Since then, the fanbase has been treated to eight playoff appearances, with the last coming in the 2012-2013 season when the Knicks lost in the Eastern Conference semifinals, and including Fizdale, 13 different head coaches, or interim head coaches in 23 years.
No wonder why Kevin Durant said, “The Knicks aren’t cool,” on New York radio station Hot 97.
Before free agency, the Knicks took RJ Barrett, the 6-foot-7 swingman out of Duke University, with the third overall pick in the NBA Draft because of their putrid 17-65 2018-2019 campaign. They also acquired Ignas Brazdeikis from the Sacramento Kings on draft night.
No one was quick to second guess Mills and Perry after drafting Kevin Knox, who averaged 12.8 ppg and 4.5 rebs, second-round steal Mitchell Robinson, who earned All-Rookie second-team honors and signing Allonzo Trier. Then free agency started, and everyone’s growth would soon be stunted.
With an already heavy forward roster, Mills and Perry inked a bevy of veteran forwards on one-year pacts except for Julius Randle, who they paid $73 million over three years, to join the fray. It made no sense then, and it makes even less sense now. The Knicks youth or core as some may call them have regressed, and I’ll repeat it. Their growth was stunted.
Knox and Trier have struggled to stick in Fizdale’s rotation because of veterans who have a higher price tag. Mitchell Robinson has drawn foul’s at an alarming rate. RJ Barrett is having too many responsibilities thrown his way this early on in his career, and the Knicks still have no clue if Dennis Smith Jr. or Frank Ntilikina is going to be the starting point guard.
Guys like Knox and Robinson are punished for mistakes on the court when veterans make the same mistake. I can understand the top brass would like to showcase the talents of the veterans on their roster so they can ship them to a playoff contender and acquire picks, prospects or salary relief, but this was not the right way to do it.
I would rather have seen the Knicks shell out less money on free agents, play the younger guys, and know that they will have a poor record and have the financial flexibility to take on poor contracts in exchange for future assets. Look at the Boston Celtics and Los Angeles Lakers and their asset pool over the last few years.
A roster full of rookies, second and third-year players along with established veterans seem like a recipe for disaster, and it has been especially when they are playing a majority of the minutes over the youth on a 4-16 team. Fizdale was in charge of starting the veterans, I get that, but there has to be front office pressure on him to continue playing them because there is no reason why the youngsters shouldn’t be playing.

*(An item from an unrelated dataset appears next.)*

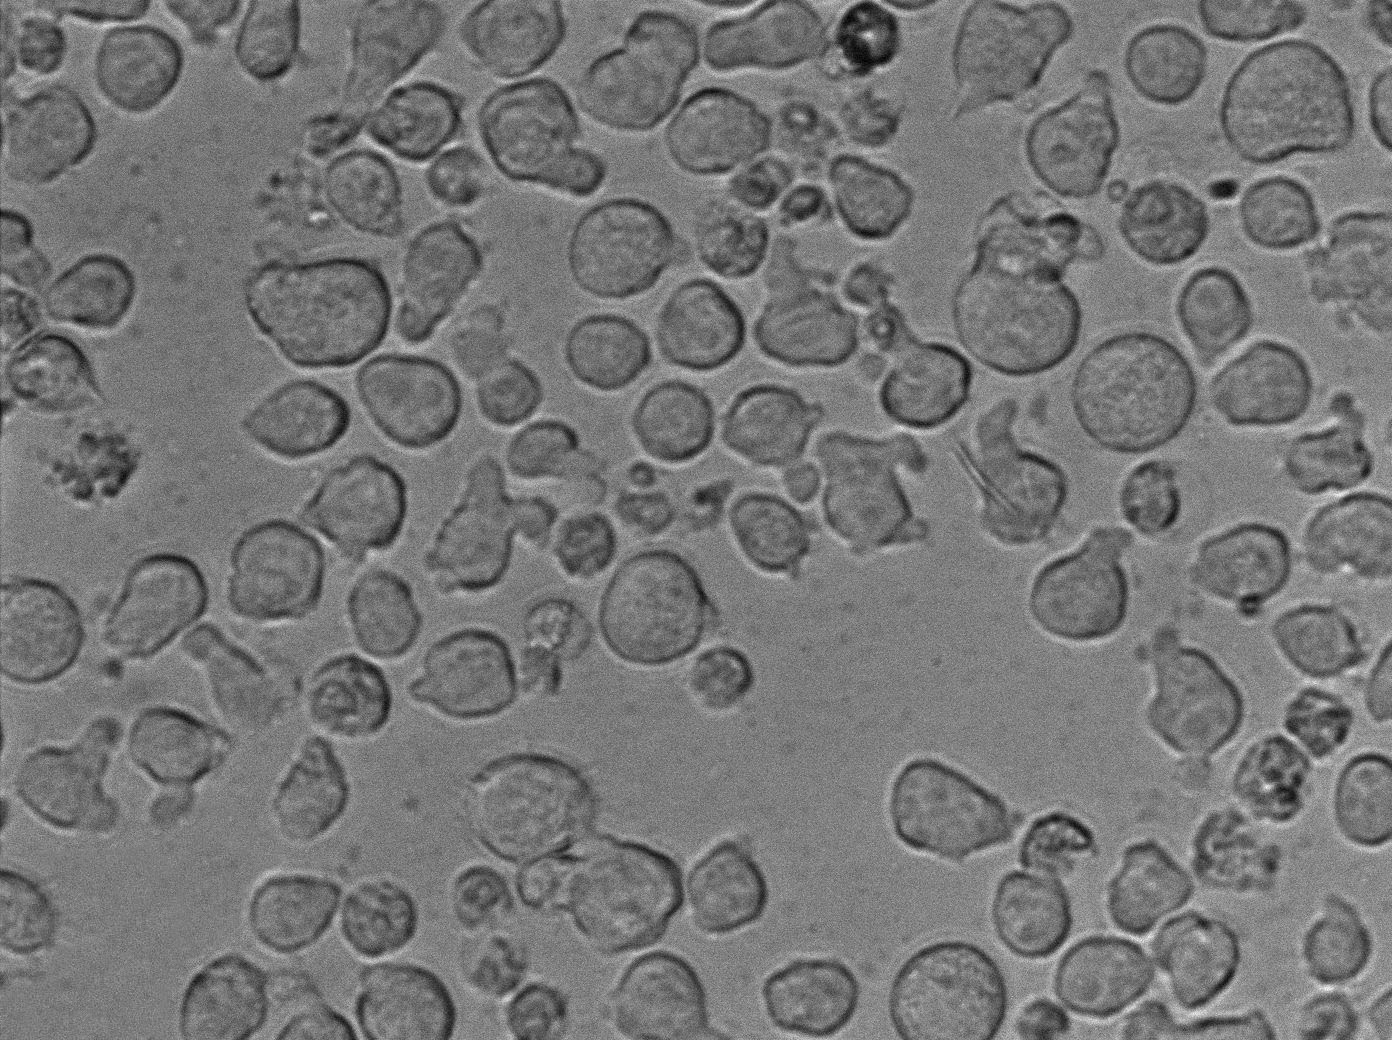 Karpas-299:人间变性大细胞淋巴瘤复苏细胞(提供STR鉴定图谱)

The Knicks have played a quarter of their game this season and have proved they have no identity and after their last close call – a 113-104 loss to the Celtics at home in which the Knicks led by as much as nine points in the fourth quarter – are lacking a finisher or a guy that can take over to close out games.
My biggest critique on Fizdale was that he needed to make the Knicks a better free-throw shooting team. While it’s one of the essential elements of the game, the Knicks have lost at least five games at the free-throw line.
Per teamrankings.com, the Knicks own the Association’s worst free-throw percentage with an abysmal 67.4 percent from the charity stripe. To make matters worse, the Knicks have lost nine games by 10 points or less.
It’s hard to play revisionist history here, but you take away five of those losses the Knicks are 9-11, and firing Fizdale wouldn’t have been on the radar.
Sadly, Fizdale ends his time in New York with a 21-83 record. Fans and analysts have had enough!